Мама по-прежнему работала в типографии. Тетя Броня занималась своим аптекарским магазинам, старики жили с тетей Фаней, которая кроме работы в амбулатории имела частную практику, а тетя Женя уехала в Москву, где училась на медфаке университета.
Дядя Яша все еще служил в Красной Армии. Так мы прожили до лета 1922 года. К этому времени мамина старшая сестра тетя Рахиль с детьми Розой , Шурой и Мишей переехала в Москву из Самары. Мамин брат Боря из Баку и дядя Самуил переехали в Москву еще раньше. Нас начали звать в Москву. Летом 1922 года маме с Борей поехали туда погостить и посмотреть, можно ли устроиться с жильем. Я остался с тетей Броней.
Пробыли они в Москве месяца два. За это время, наслаждаясь свободой, я успел сьесть большую банку брусничного варенья (первое варенье после голодных лет) и высосать через соломинку бутылку ликера «Крем де какао шуа», неизвестно как сохранившуюся в комоде, среди белья, чем привел в ужас маму, по ее возвращении.

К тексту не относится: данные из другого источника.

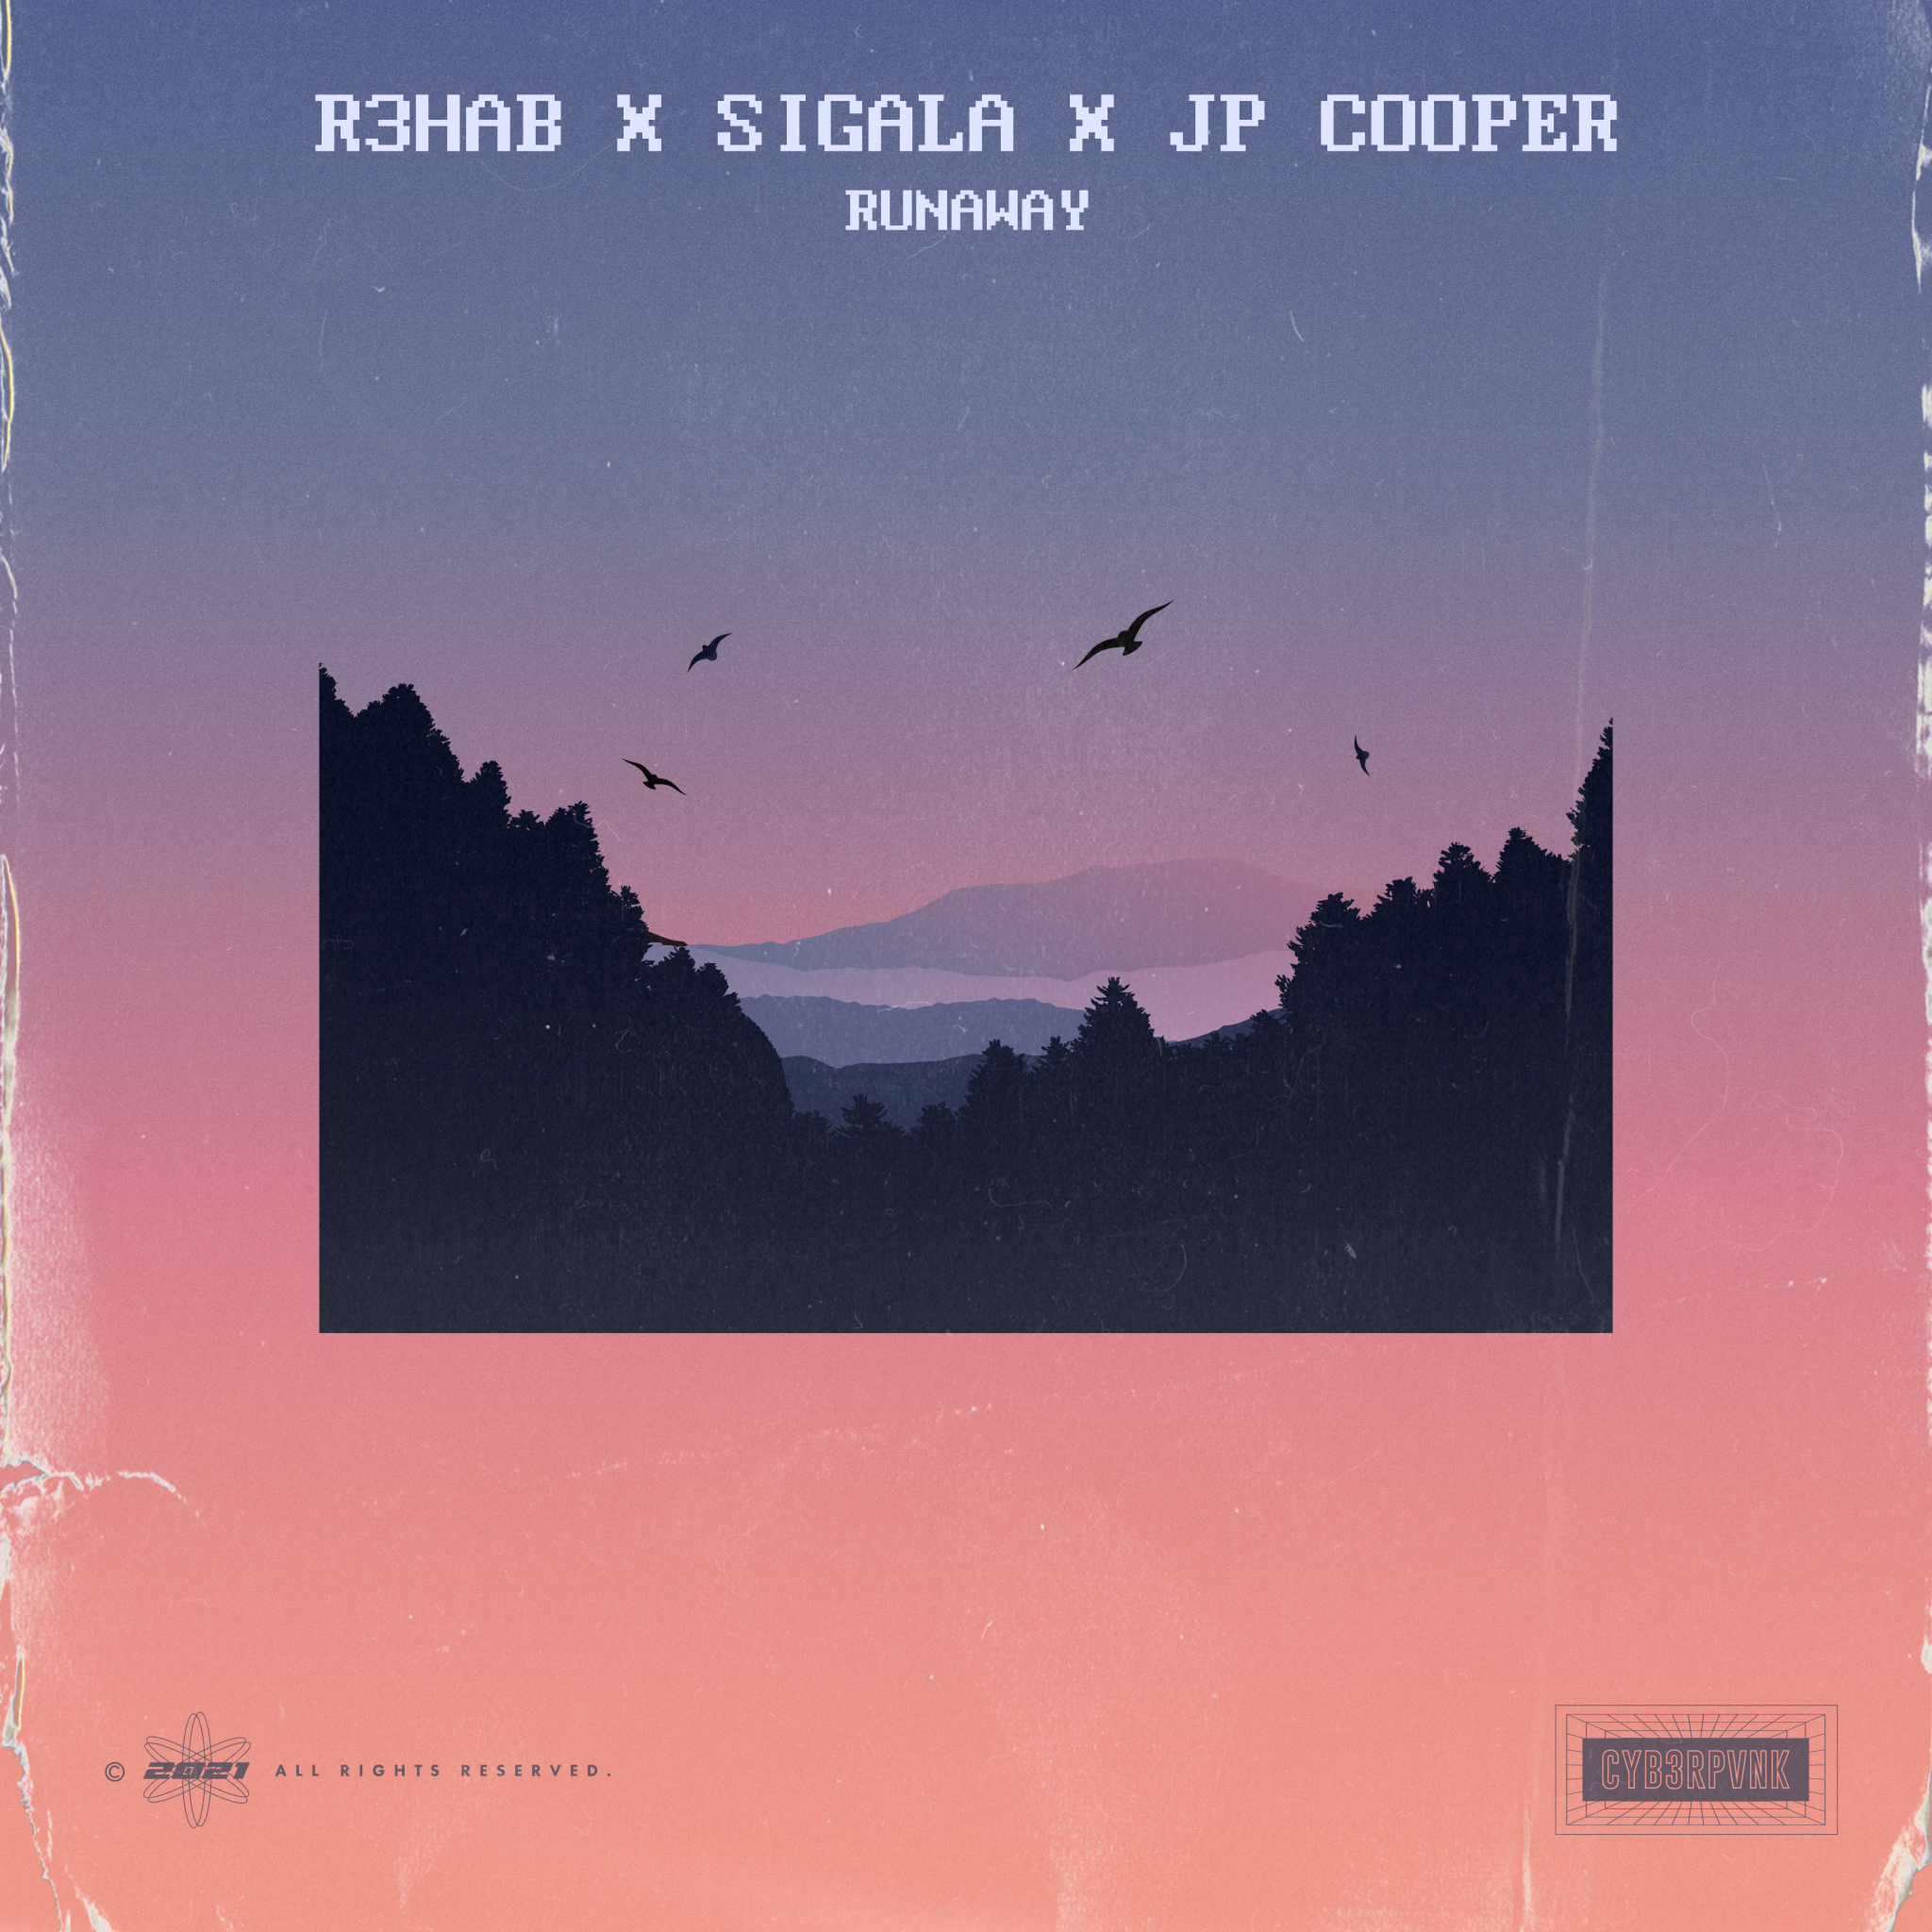 R3HAB Teams Up With Sigala & JP Cooper For Their Collaboration “Runaway”, the First Track Off R3HAB’S Forthcoming Album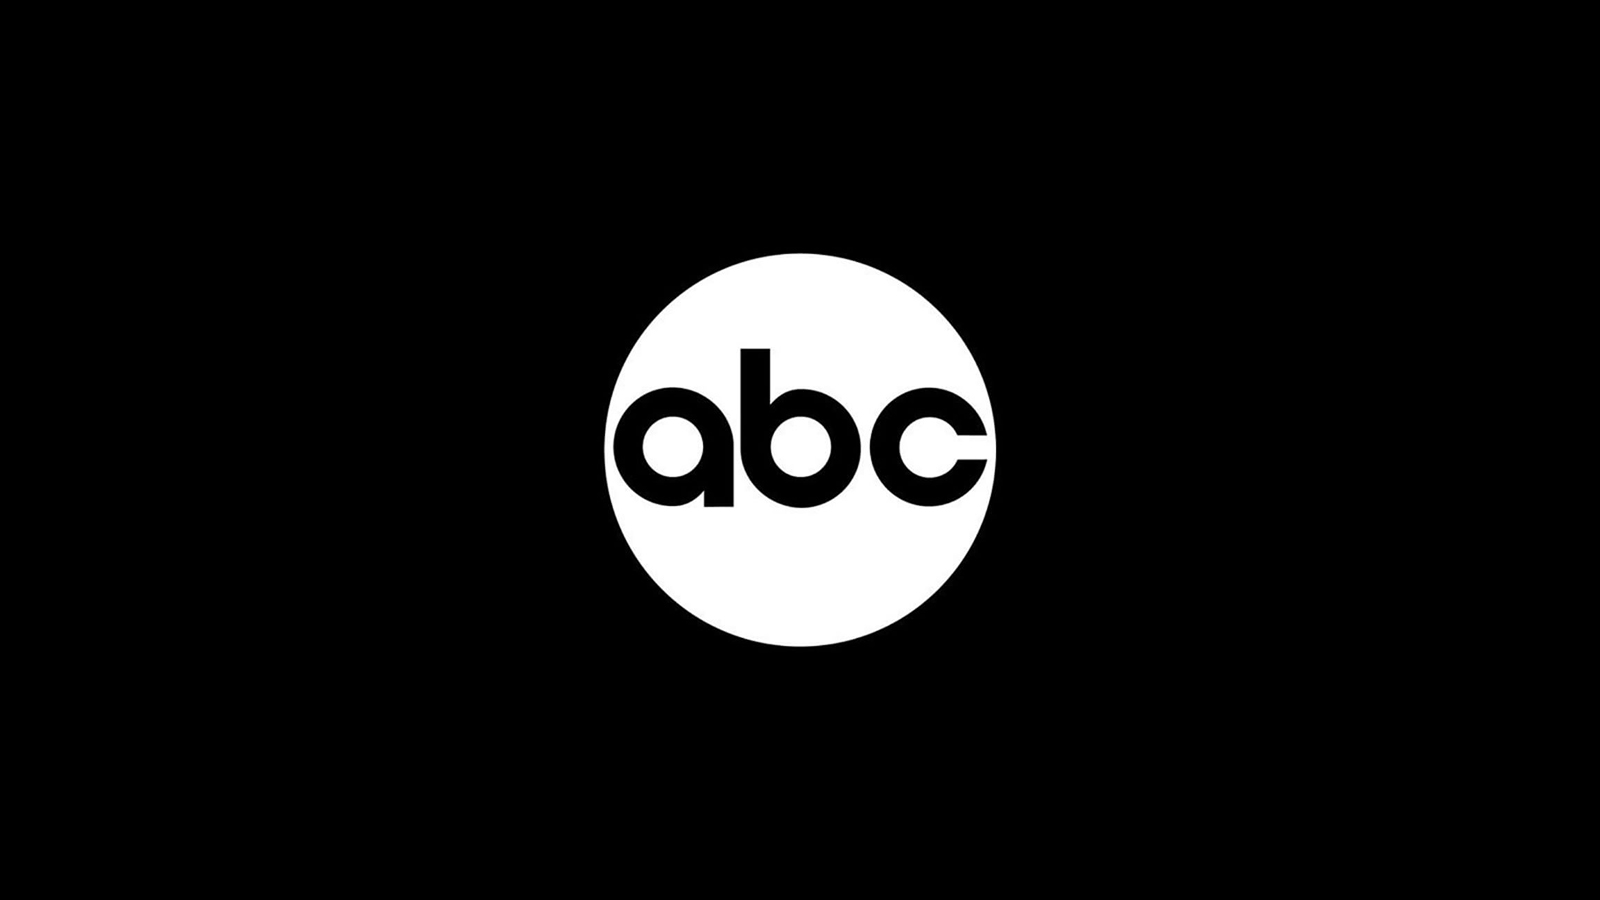 What Channel is ABC on Spectrum?

В Москве мать продала папину шубу и его бриллиантовый перстень за 500 миллионов (!) рублей, купила комнату. Оршанский период моей жизни кончался. Весной этого года я должен был перейти в 7 класс, но все классы нашей школы были оставлены на второй год, так как все мы знали очень мало, а школа начала наверстывать упущенное в сумбурные годы 1918-21.
Мне шел пятнадцатый год. Впервые в начале зимы пошел провожать девчонку — наступил рубеж юношества.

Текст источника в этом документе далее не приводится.